Jorge Jaime Valdez
Hay peruanos por todo el mundo, y
también huancaínos; sin embargo, pocos
pueden mostrar que estudiaron arte en Berlín y Londres, que sus trabajos
y retrato aparecen en antologías de los mejores artistas jóvenes europeos, o que
expusieron su obra en galerías de Alemania, España, Inglaterra y Eslovenia,
como es el caso de Antonio Gonzales Paucar.
Oriundo de Aza, es el hermano menor de
una familia notable de artistas imagineros y nieto de don Pedro Abilio, maestro
de la artesanía peruana. Probablemente, de él haya heredado el arte que corre
por sus venas como otra sangre. El artista firma como Antonio Paucar para
revalorar sus raíces andinas e identificarse con una cultura que admira con
devoción, y en vista de que Gonzales es un apellido muy conocido en el viejo
continente.
Hace una década, Antonio dejó el arte
popular y su patria para migrar a la lejana Alemania; no práctica la imaginería
propiamente, pero es un “curioso” como el abuelo.
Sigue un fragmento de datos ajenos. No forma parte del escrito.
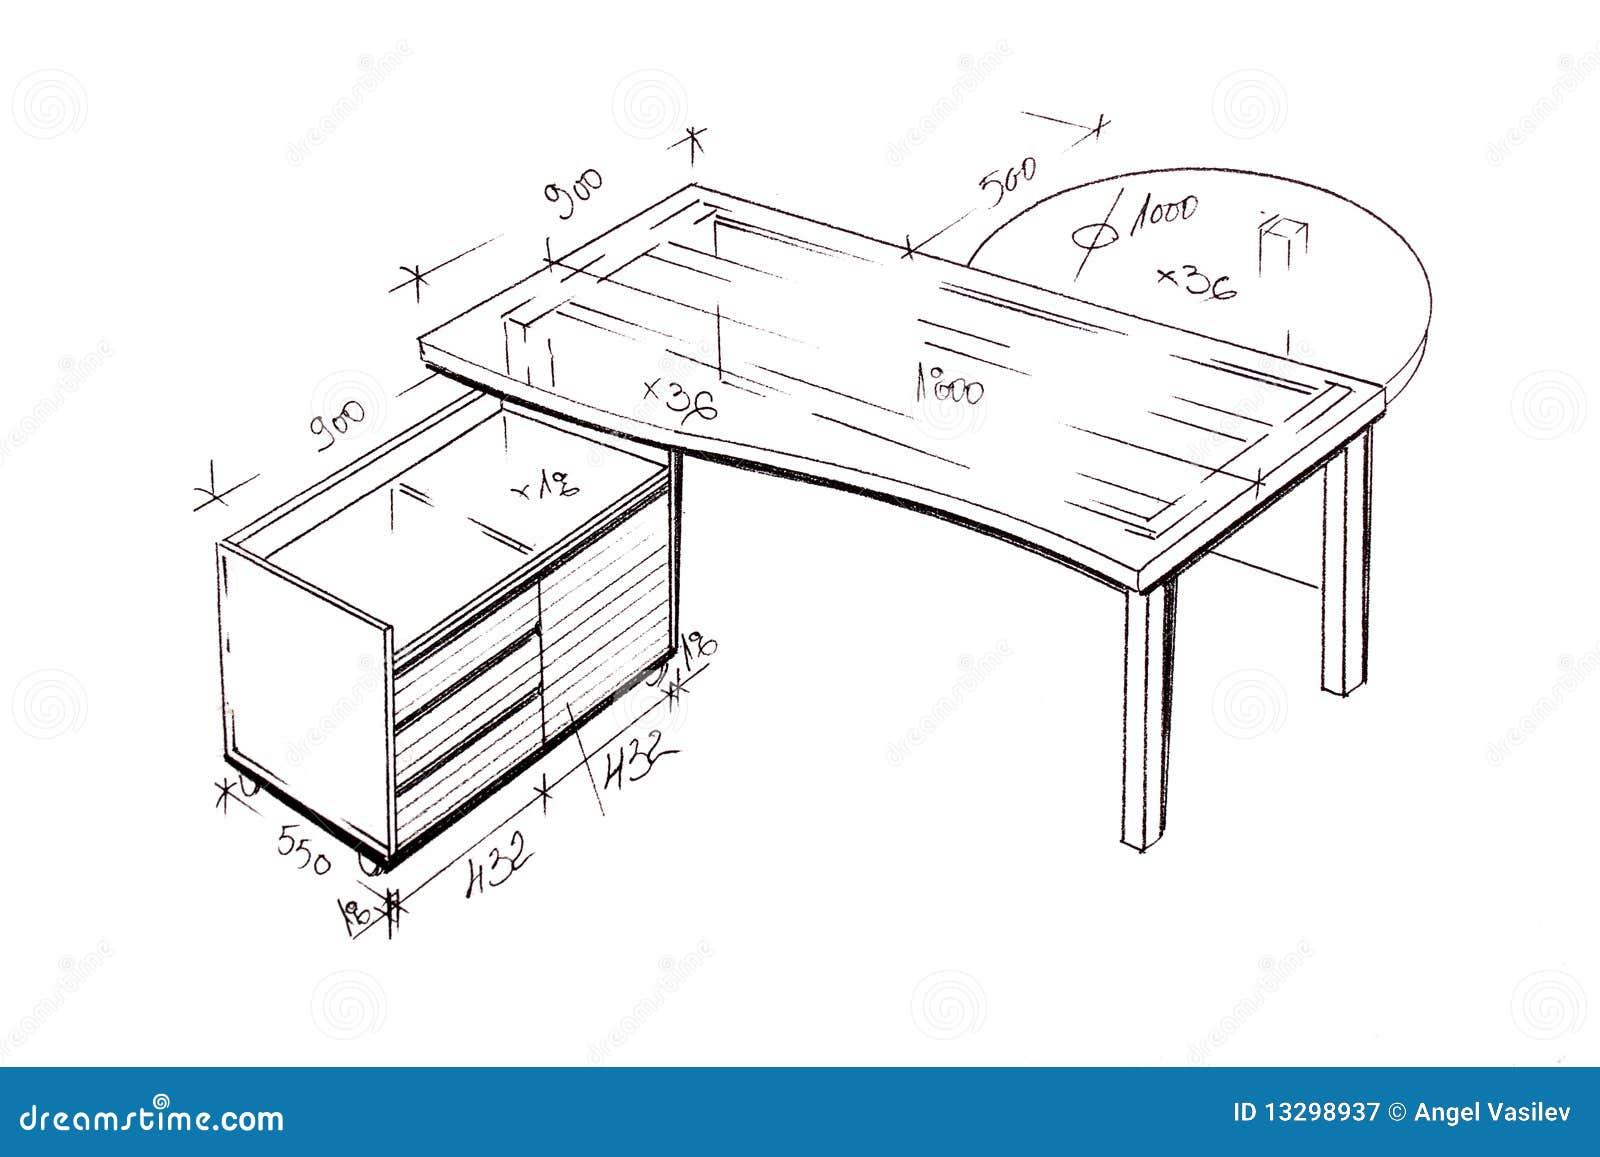 Gr fico a pulso del escritorio moderno del dise o interior for Diseno de interiores escritorios
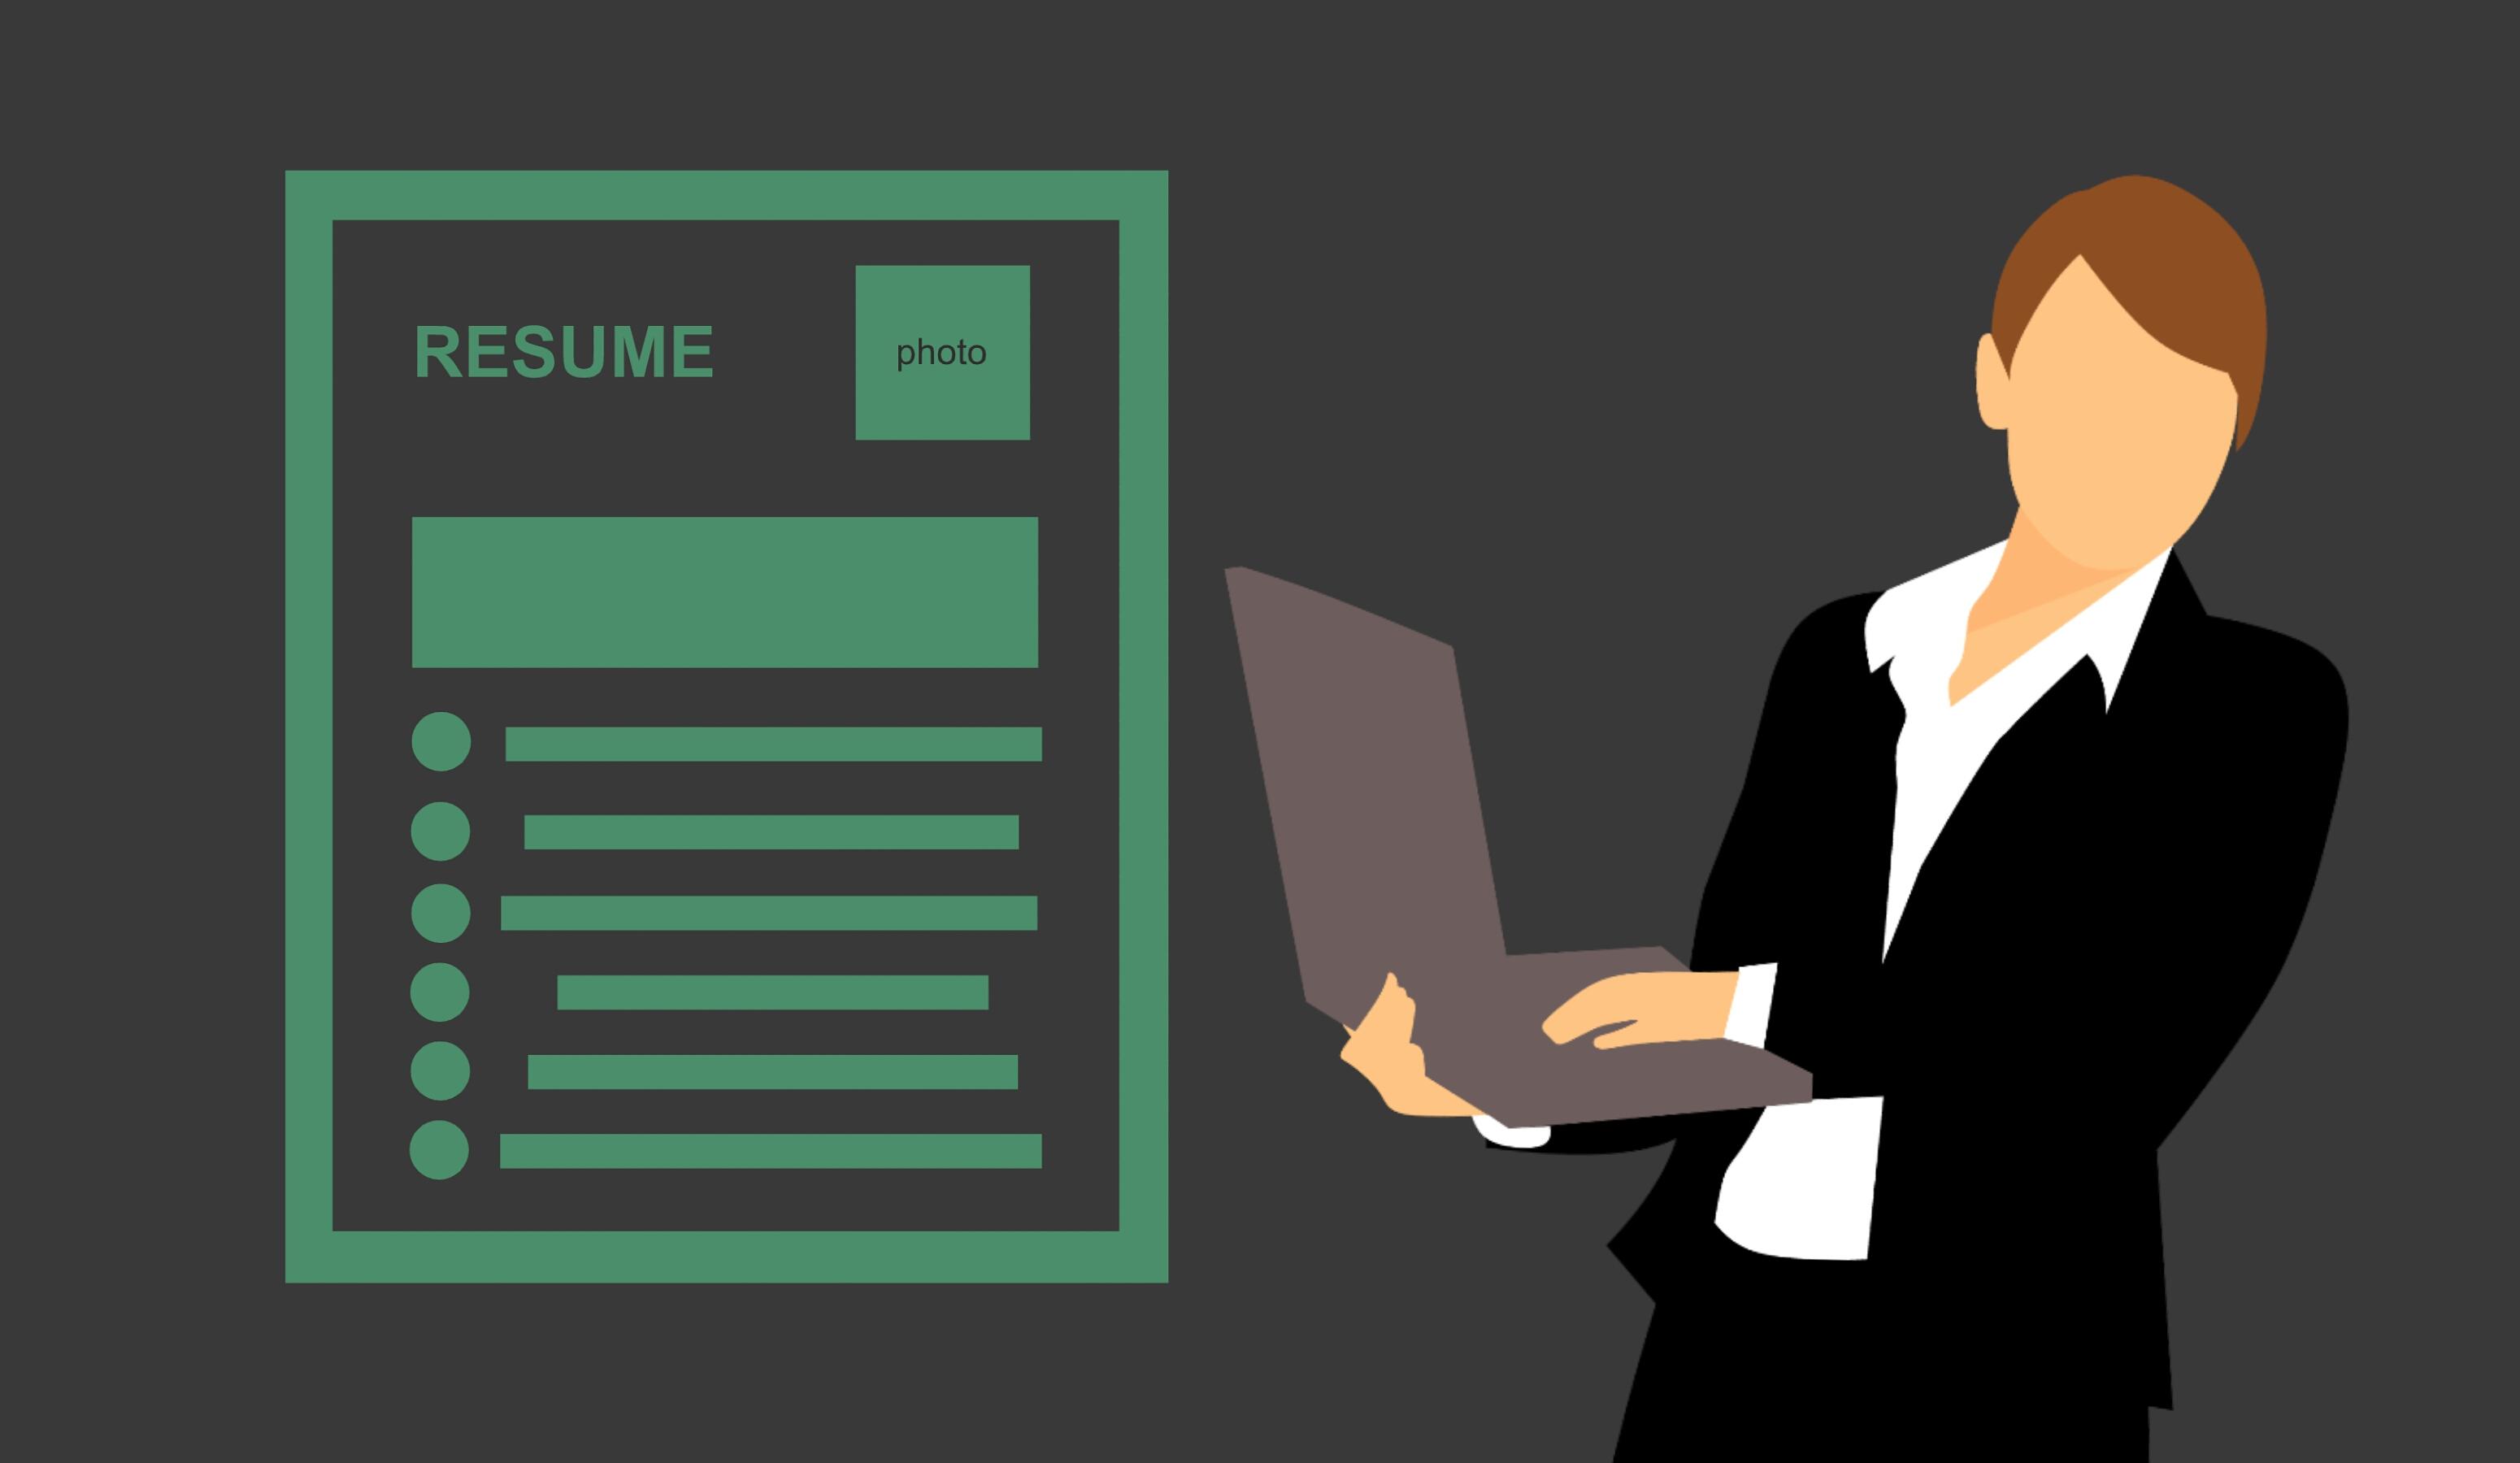 career-resume-hiring-job-interview-sonaaf-recruitment-1437771-pxhere.com

En los pueblos del ande, el
“curioso” es el artista, el ingenioso, que sabe y hace de todo. Esta capacidad
de asombro, propia de los niños, hace que Toño siga creando y sorprendiendo por
lo irreverente, lúdico, diferente y conceptual de su arte.
Hace instalaciones y performances, maneja el video y la
fotografía, el teatro y la danza, la música y el dibujo, convierte lo cotidiano
en extraordinario; vive y bebe del campo, de su pueblo, de su gente, del olor a
tierra mojada, de las flores de retama, del olor a eucalipto o de las abejas
que rondan ruidosas por su casa de Aza, muy cerca de Huancayo, pero que aún
conservan ese paisaje andino que uno recuerda cuando se encuentra lejos.
Es difícil mostrar de manera impresa
su trabajo, porque no solo son imágenes, sino sonidos, olores, sabores y
texturas. Como, por ejemplo, esas miles
de larvas de mosca que forman una silueta humana que pronto se dispersa y
desintegra en alusión a la corrupción de la carne en “Descomposición
figurativa”. Una rueda de bicicleta se convierte en un curioso y lúdico
homenaje a Marcel Duchamp en “Marcelinho”.

En otro de sus trabajos, el propio
artista se sepulta, literalmente, con la tierra fértil de su chacra en
“Protéjame”. Su mano se convierte en un
candelabro y su cuerpo en altar, sus dedos arden en una suerte de ritual
católico y pagano en “Altar”. En “Danzando con mis luciérnagas”, uno de sus trabajos más
celebrado, vemos la silueta del artista,
en la profundidad de la noche, danzando con luces, que aparecen y desaparecen
con la fugacidad que tiene la ilusión y la alegría. Nos recuerda a las fiestas
patronales o al propio vuelo de las luciérnagas en las noches serranas, donde
el cielo estrellado se refleja en las intermitencias de estos insectos
sorprendentes, convirtiéndose en una metáfora hermosa sobre la levedad del ser
y la vida.

El arte de Antonio Paucar es
impresionante y da cuenta de un espíritu libre, imaginativo, noble, generoso,
místico y sensible, donde, a pesar de la distancia, su cultura andina está
siempre presente, fusionada con la europea, como se puede ver en una performance que hizo el año pasado en
Lima, llamada “Trasfusión” que, valiéndose de sorbetes y vino, teniendo como
único fondo una pared blanca que se mancha por el rojo del licor, como si fuera
sangre, nos hace reflexionar sobre el cuerpo, la guerra, la violencia política
y la vida.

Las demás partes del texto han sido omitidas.